**STORED DATA:**
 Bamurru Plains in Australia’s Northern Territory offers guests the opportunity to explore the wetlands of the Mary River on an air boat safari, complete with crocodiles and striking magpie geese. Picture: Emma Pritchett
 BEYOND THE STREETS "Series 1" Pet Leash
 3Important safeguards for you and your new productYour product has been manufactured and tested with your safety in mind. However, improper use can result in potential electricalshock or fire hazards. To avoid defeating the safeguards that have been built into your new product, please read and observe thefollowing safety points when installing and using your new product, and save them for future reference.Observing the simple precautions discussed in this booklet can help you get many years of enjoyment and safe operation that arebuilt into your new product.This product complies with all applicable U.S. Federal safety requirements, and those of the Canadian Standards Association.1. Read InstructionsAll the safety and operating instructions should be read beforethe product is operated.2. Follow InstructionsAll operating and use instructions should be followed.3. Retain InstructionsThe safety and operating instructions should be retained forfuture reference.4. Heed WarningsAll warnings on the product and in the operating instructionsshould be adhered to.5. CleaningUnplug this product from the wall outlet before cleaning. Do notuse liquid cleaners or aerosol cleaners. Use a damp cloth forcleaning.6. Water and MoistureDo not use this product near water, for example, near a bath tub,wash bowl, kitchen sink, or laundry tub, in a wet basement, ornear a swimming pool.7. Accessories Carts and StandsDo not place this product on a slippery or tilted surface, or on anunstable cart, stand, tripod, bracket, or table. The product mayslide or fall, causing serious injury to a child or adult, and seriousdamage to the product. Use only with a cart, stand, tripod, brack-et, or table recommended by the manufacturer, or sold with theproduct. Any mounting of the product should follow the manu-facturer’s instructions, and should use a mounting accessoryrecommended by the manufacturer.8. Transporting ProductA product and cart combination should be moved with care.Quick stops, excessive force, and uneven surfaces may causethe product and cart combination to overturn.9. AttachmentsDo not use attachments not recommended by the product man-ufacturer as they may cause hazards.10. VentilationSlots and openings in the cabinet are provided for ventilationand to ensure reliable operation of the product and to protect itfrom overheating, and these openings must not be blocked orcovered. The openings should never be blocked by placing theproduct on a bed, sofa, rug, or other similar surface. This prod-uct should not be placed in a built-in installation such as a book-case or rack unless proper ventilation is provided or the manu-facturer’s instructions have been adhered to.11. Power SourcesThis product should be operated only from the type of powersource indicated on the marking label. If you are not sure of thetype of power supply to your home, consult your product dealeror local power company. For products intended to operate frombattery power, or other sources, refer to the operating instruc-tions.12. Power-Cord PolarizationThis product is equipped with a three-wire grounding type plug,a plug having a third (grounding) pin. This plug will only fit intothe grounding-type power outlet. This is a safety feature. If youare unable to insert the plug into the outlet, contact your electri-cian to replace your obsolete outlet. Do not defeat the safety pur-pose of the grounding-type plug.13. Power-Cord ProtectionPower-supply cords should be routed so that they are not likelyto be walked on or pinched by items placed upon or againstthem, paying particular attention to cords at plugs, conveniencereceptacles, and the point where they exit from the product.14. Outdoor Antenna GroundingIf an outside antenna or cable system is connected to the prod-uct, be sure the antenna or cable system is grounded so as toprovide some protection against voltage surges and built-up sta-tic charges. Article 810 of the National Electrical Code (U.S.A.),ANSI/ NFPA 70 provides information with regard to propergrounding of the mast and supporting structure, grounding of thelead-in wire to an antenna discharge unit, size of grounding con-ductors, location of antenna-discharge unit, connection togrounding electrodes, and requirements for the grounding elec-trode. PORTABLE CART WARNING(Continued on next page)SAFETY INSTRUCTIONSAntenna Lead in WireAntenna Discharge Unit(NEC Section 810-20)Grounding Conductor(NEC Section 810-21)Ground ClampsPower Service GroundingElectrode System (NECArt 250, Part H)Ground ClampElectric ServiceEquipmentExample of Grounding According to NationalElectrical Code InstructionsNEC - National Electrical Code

**EXERCISE AIM:** Set down exactly the lines above that run from the start of the listing to the line with "BEYOND THE STREETS". Leave out every later line.

**EXERCISE SOLUTION:**
 Bamurru Plains in Australia’s Northern Territory offers guests the opportunity to explore the wetlands of the Mary River on an air boat safari, complete with crocodiles and striking magpie geese. Picture: Emma Pritchett
 BEYOND THE STREETS "Series 1" Pet Leash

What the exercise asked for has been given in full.